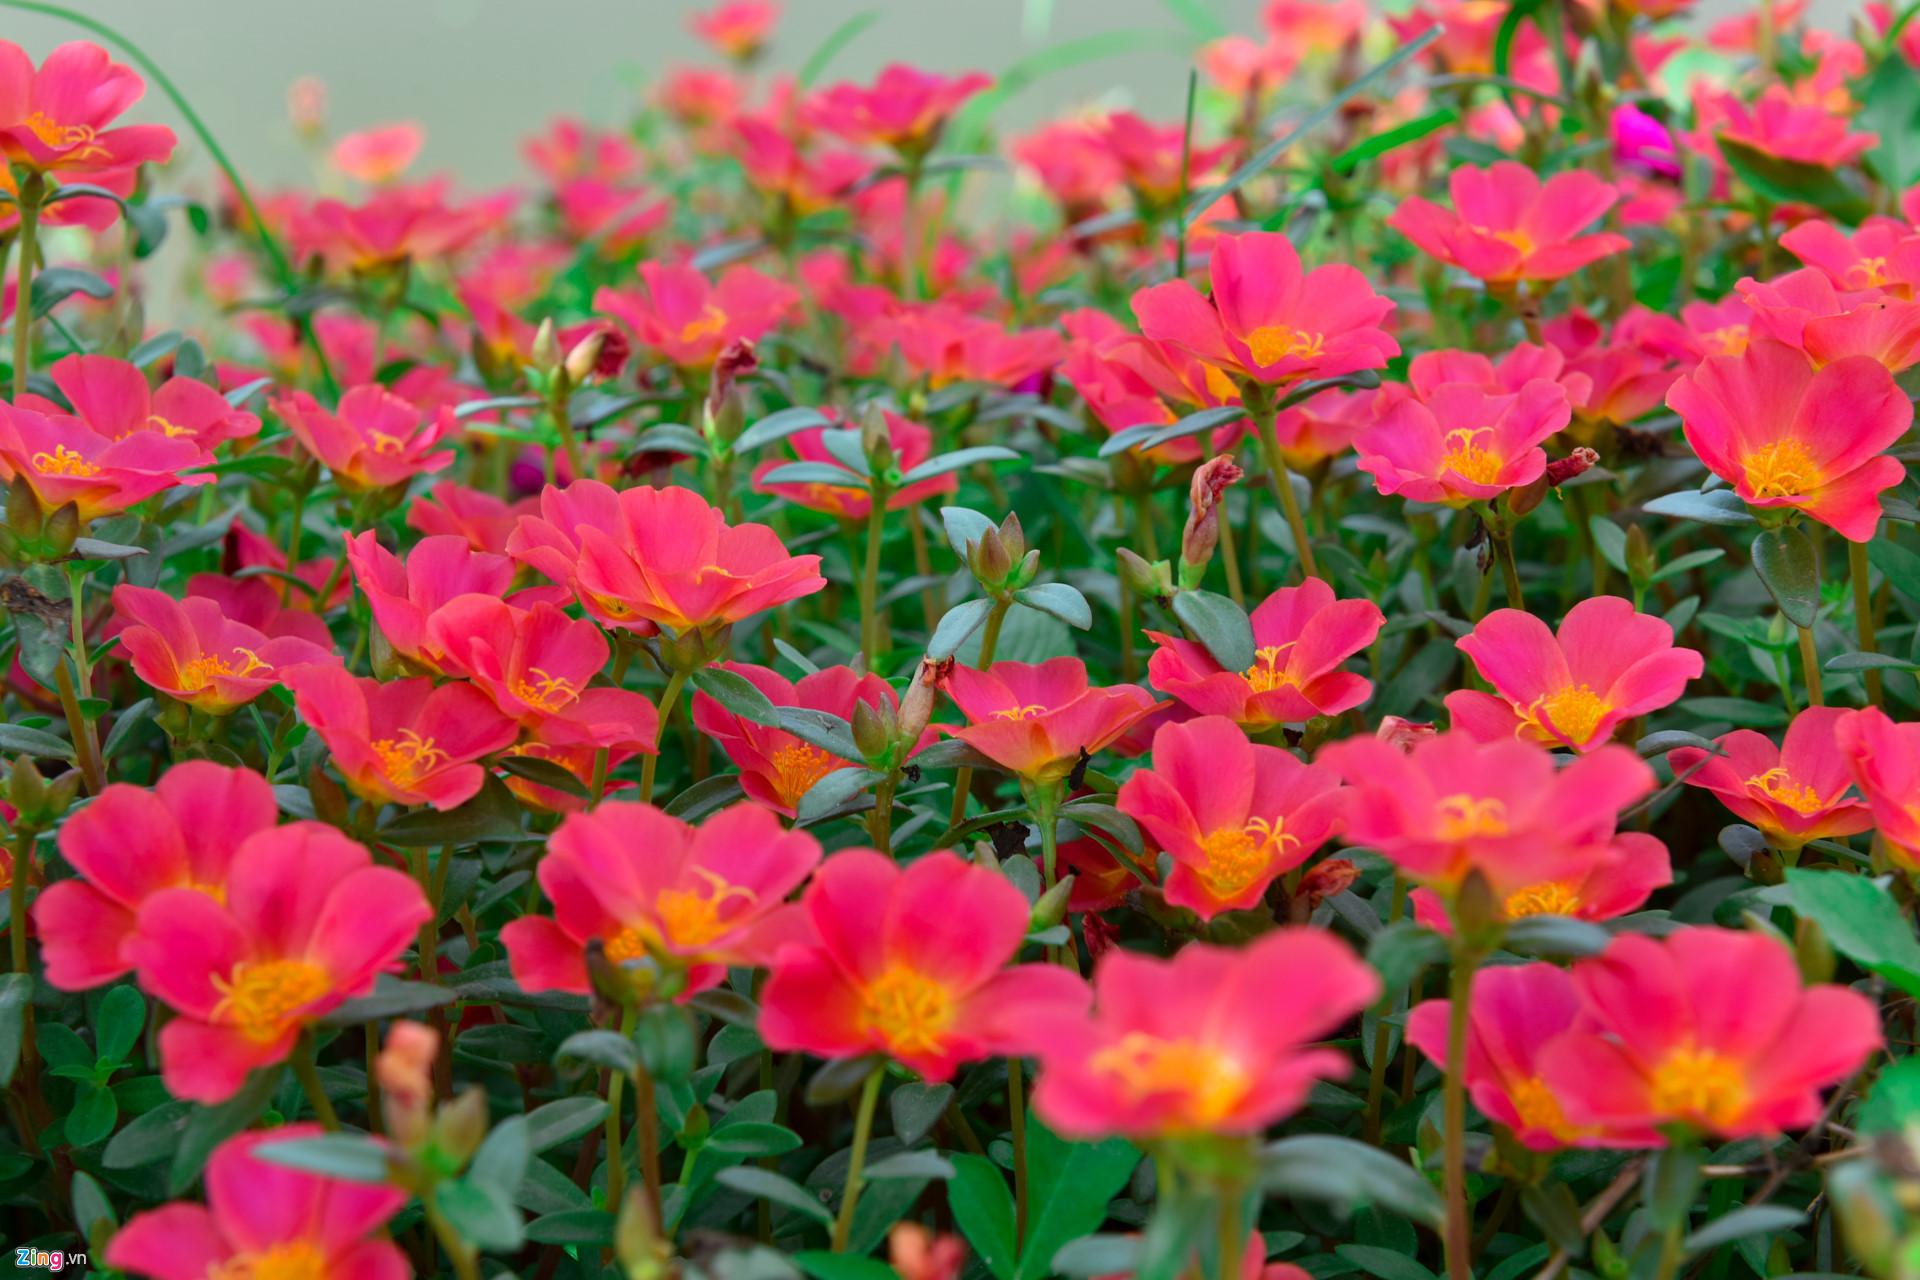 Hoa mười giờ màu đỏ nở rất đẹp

------------------------------------------------

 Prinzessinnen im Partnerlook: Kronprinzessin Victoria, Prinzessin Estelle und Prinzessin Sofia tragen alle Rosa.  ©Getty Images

------------------------------------------------

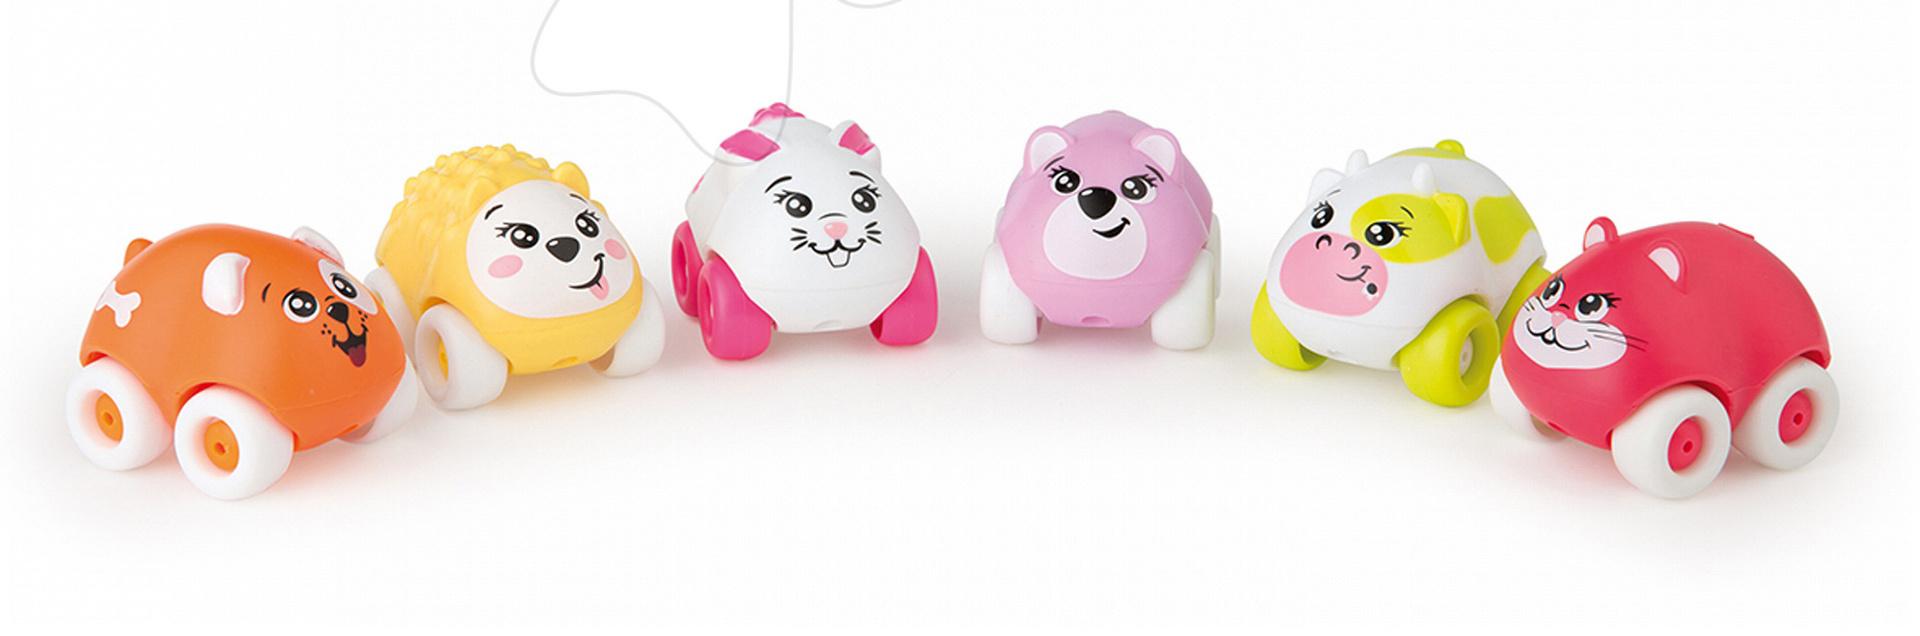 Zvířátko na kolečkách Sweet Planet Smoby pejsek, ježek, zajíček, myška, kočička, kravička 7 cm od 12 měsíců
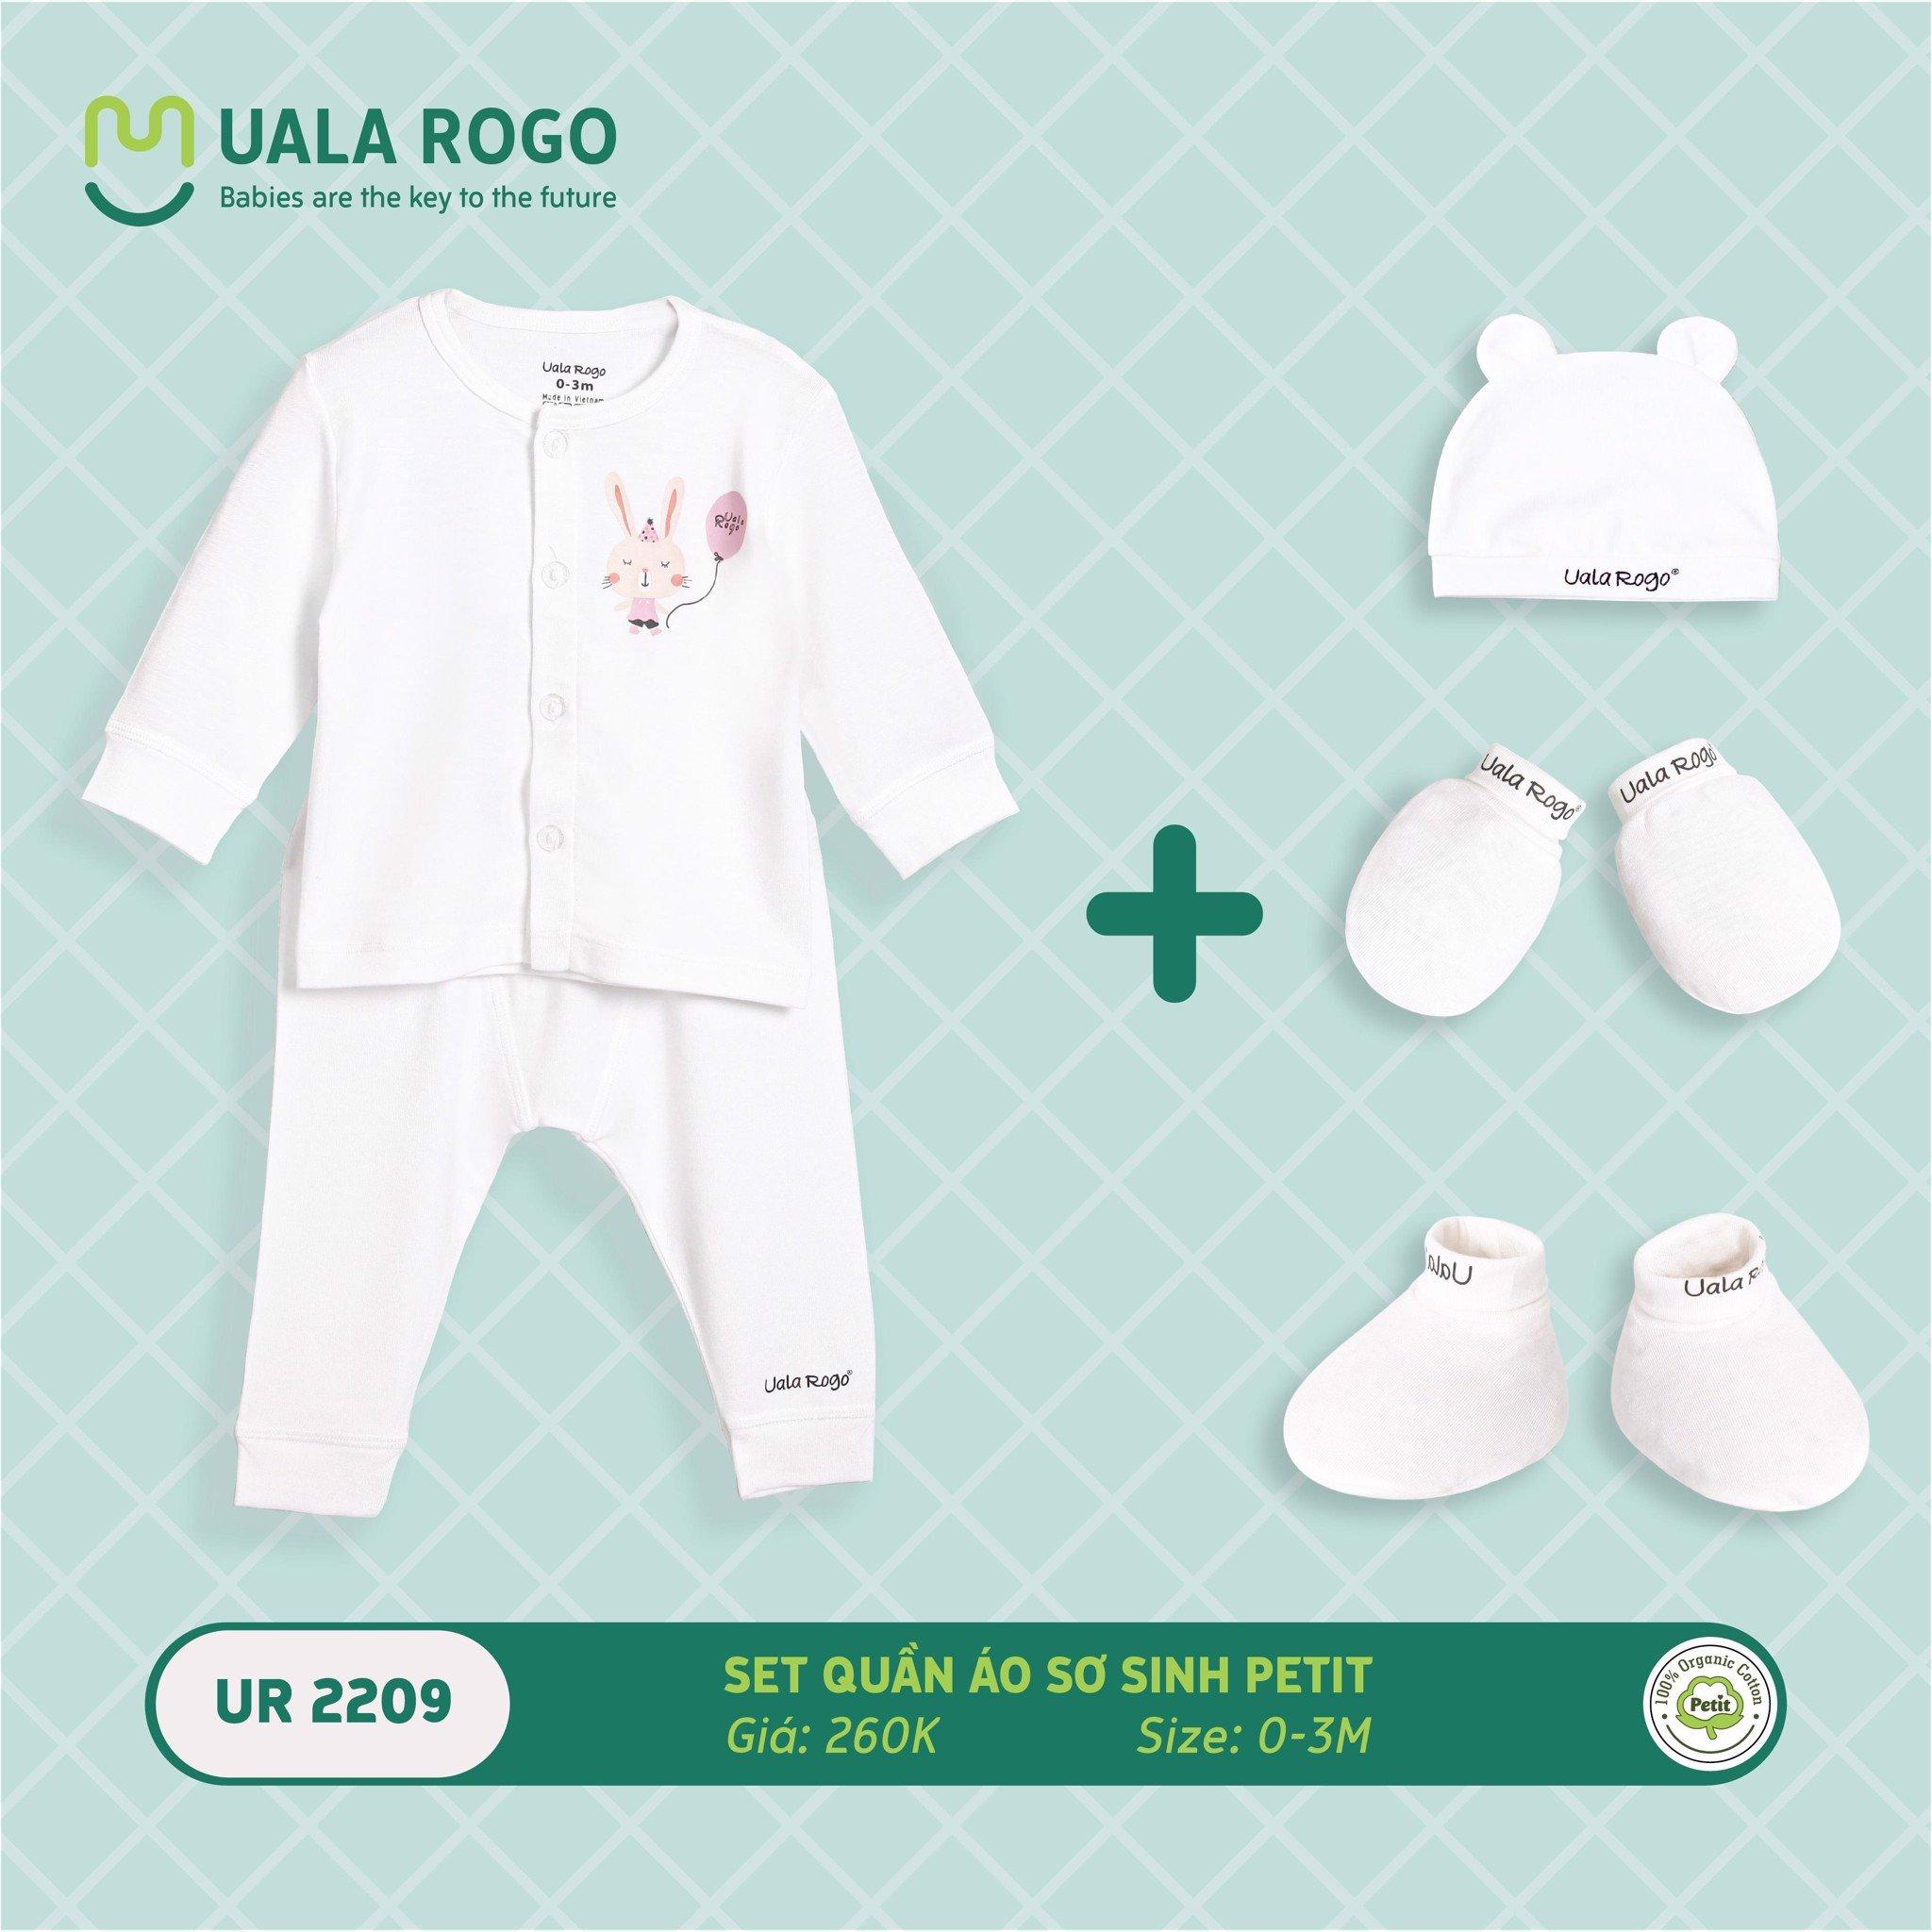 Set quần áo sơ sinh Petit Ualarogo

------------------------------------------------

Problem details — What you write out is the stretch of entries from the line containing "Zvířátko na kolečkách" to the line containing "Set quần áo sơ sinh Petit Ualarogo", word for word, with both end lines and no pictures.

Problem solution —
 Zvířátko na kolečkách Sweet Planet Smoby pejsek, ježek, zajíček, myška, kočička, kravička 7 cm od 12 měsíců
 Set quần áo sơ sinh Petit Ualarogo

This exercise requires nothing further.